Her knees were shaky as she stood. “I don’t want your gentleness.”
He looked back over his shoulder, a smirk ghosting across his mouth. “You say that now.”
Later that night, she wandered the east wing, trying to find the courage to leave.
The halls were quieter than before, filled with faint music and the scent of rain. Through an open doorway, she heard two of Dante’s men talking.
“She’s dangerous,” one whispered. “Boss should’ve killed her. The Council’s already suspicious. They think he’s losing control.”
“Maybe he is,” the other said. “You saw how he looked at her.”
Lyra’s heart sank. She backed away before they noticed her and ducked into a room lined with glass panels and old photographs.
It wasn’t a room, it was a memorial. Wolves. Families. A pack. All dead.
Names were etched beneath their portraits. Moretti Pack.
One photo made her chest ache, a boy with silver eyes, maybe fifteen, smiling beside his alpha. Dante.
“Now you see what you walked into.”
She turned. Dante stood behind her, expression unreadable.
“This was your pack,” she said softly.
“My family.” His gaze drifted to the photos. “They burned when the curse took root. The Scarlattis finished the job. And the Council watched.”
“I’m sorry.”
He looked at her sharply. “Don’t pity me. I don’t need it.”
“I wasn’t….”
He closed the distance between them, the air thick again. “Then what do you feel, Lyra?”
“I don’t know,” she said truthfully.
He reached out, brushing a strand of hair from her face. “You should. Because I feel everything I shouldn’t.”
Her pulse quickened. His hand slid to her jaw, rough but not cruel. Their eyes locked, and this time neither looked away.
“Tell me to stop,” he said.
She didn’t.
The kiss was inevitable, rough, desperate, the clash of two people who should hate each other but couldn’t. Her body melted into his; his grip tightened as if anchoring himself. The scent of wolf and blood filled the air, their power mingling until the lights flickered.
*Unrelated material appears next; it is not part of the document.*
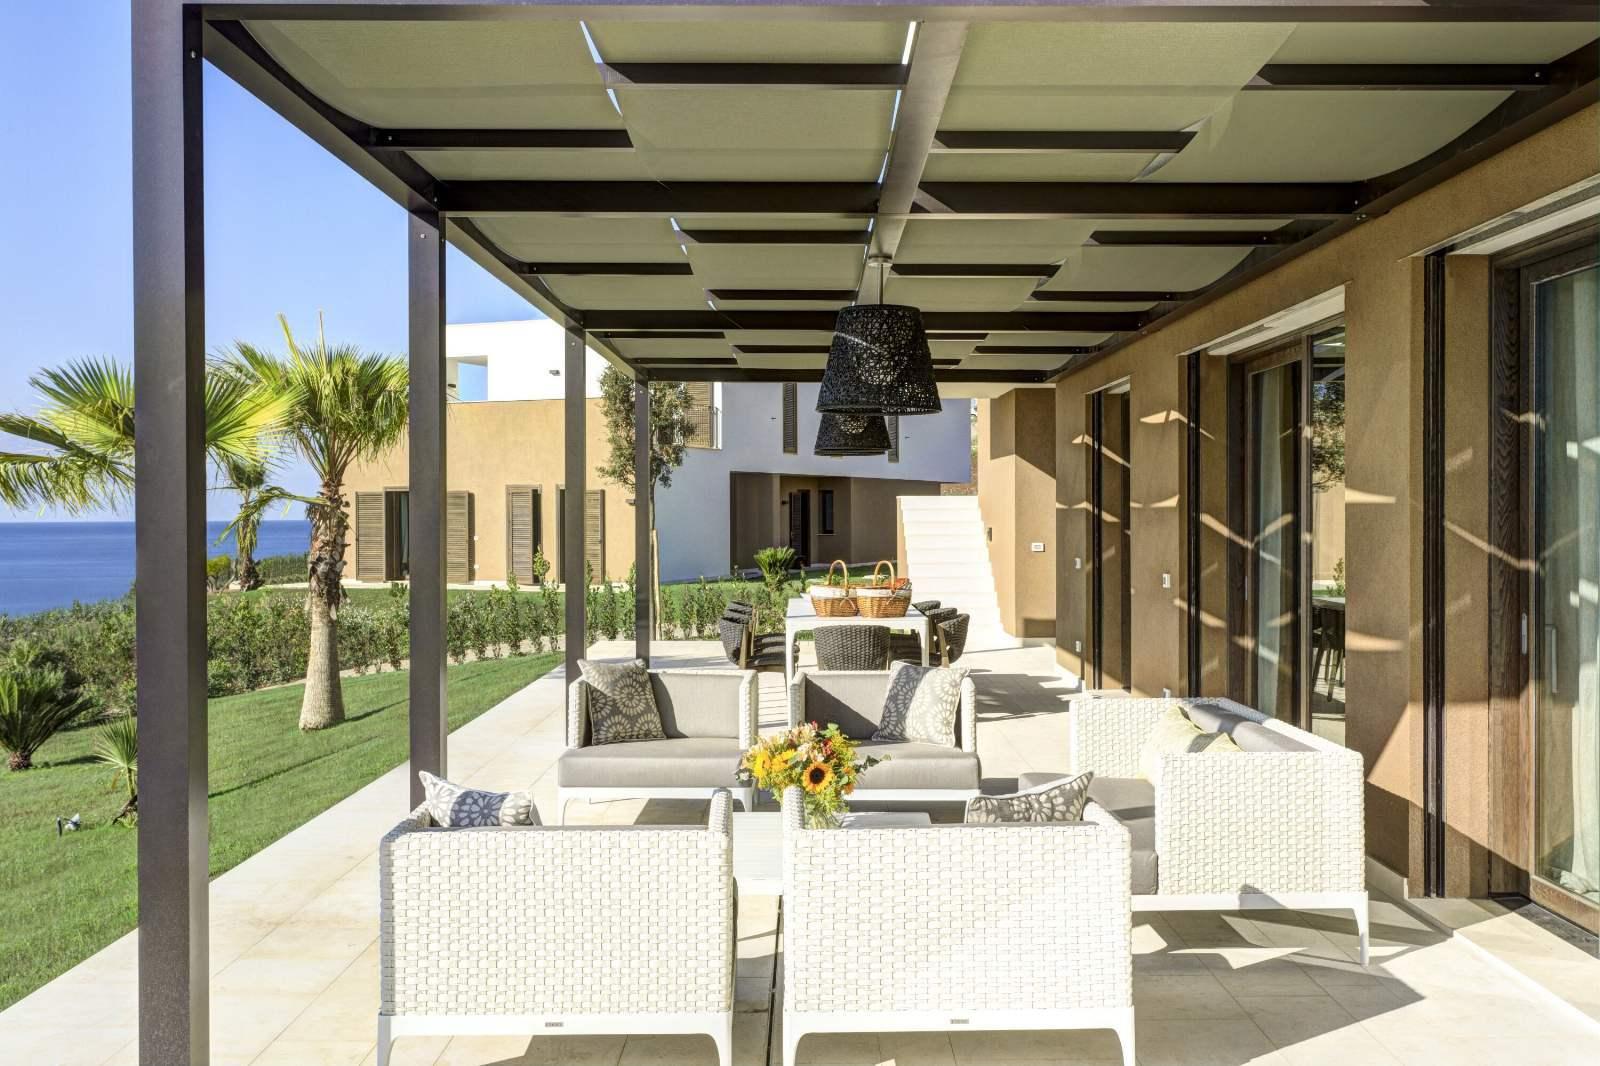 Verdura Resort: Private Villas: room / property / locale photo. Image 4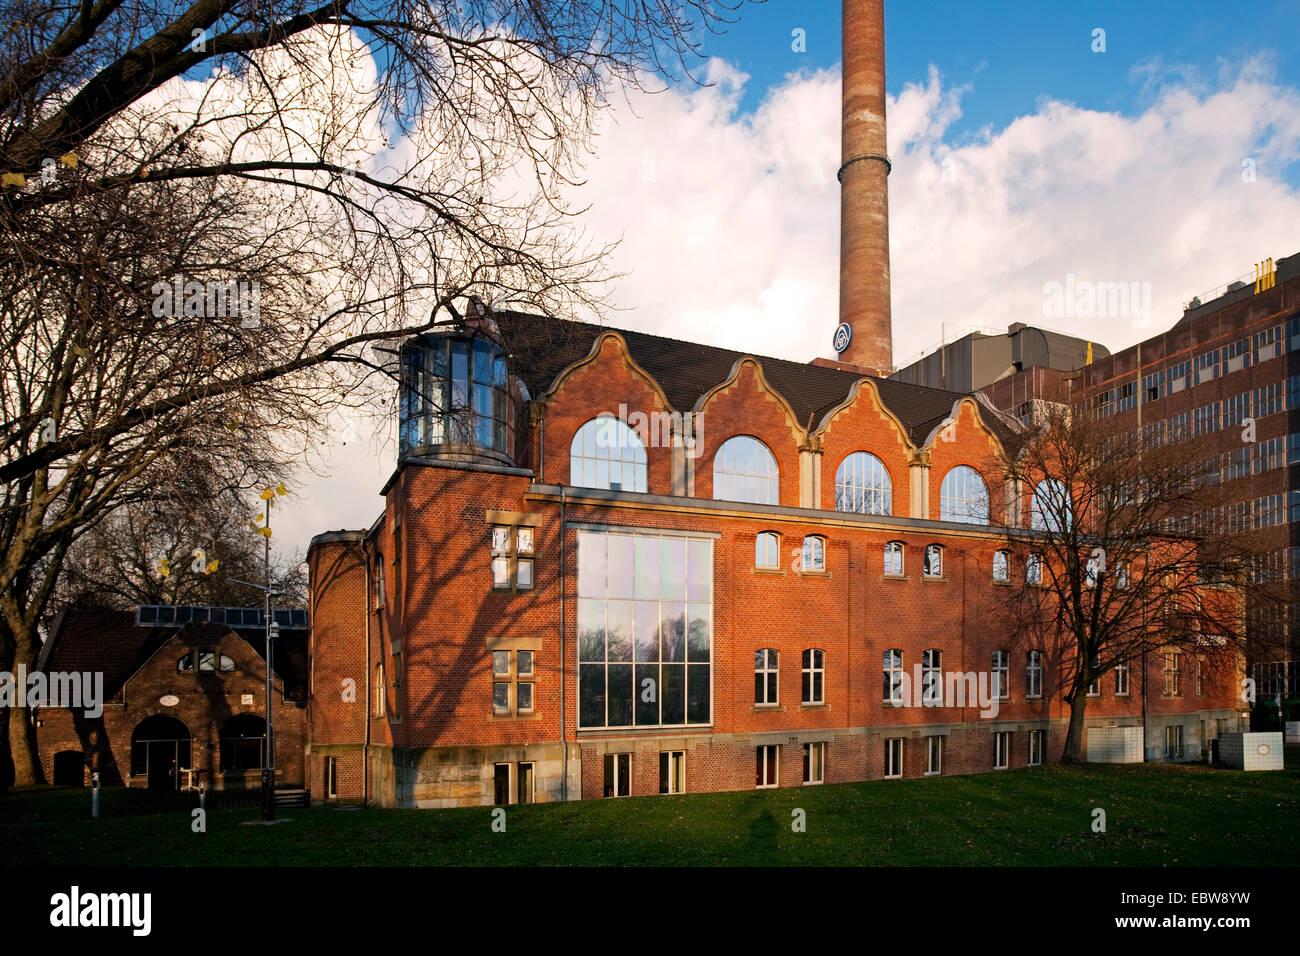 art nouveau facade of German Inland Waterways Museum, Germany, North Rhine-Westphalia, Ruhr Area, Duisburg - Stock Image

Then, just as suddenly, he pulled away, breathing hard. His eyes glowed crimson again, and for a heartbeat, she saw real fear there…fear of himself.
“Go,” he ordered hoarsely.
Lyra’s lips parted. “Dante…”
“Go!” he roared, his voice layered with the growl of
his wolf.
She fled the room, heart hammering. Behind her, she heard the sound of shattering glass and a low, pained snarl that didn’t sound human.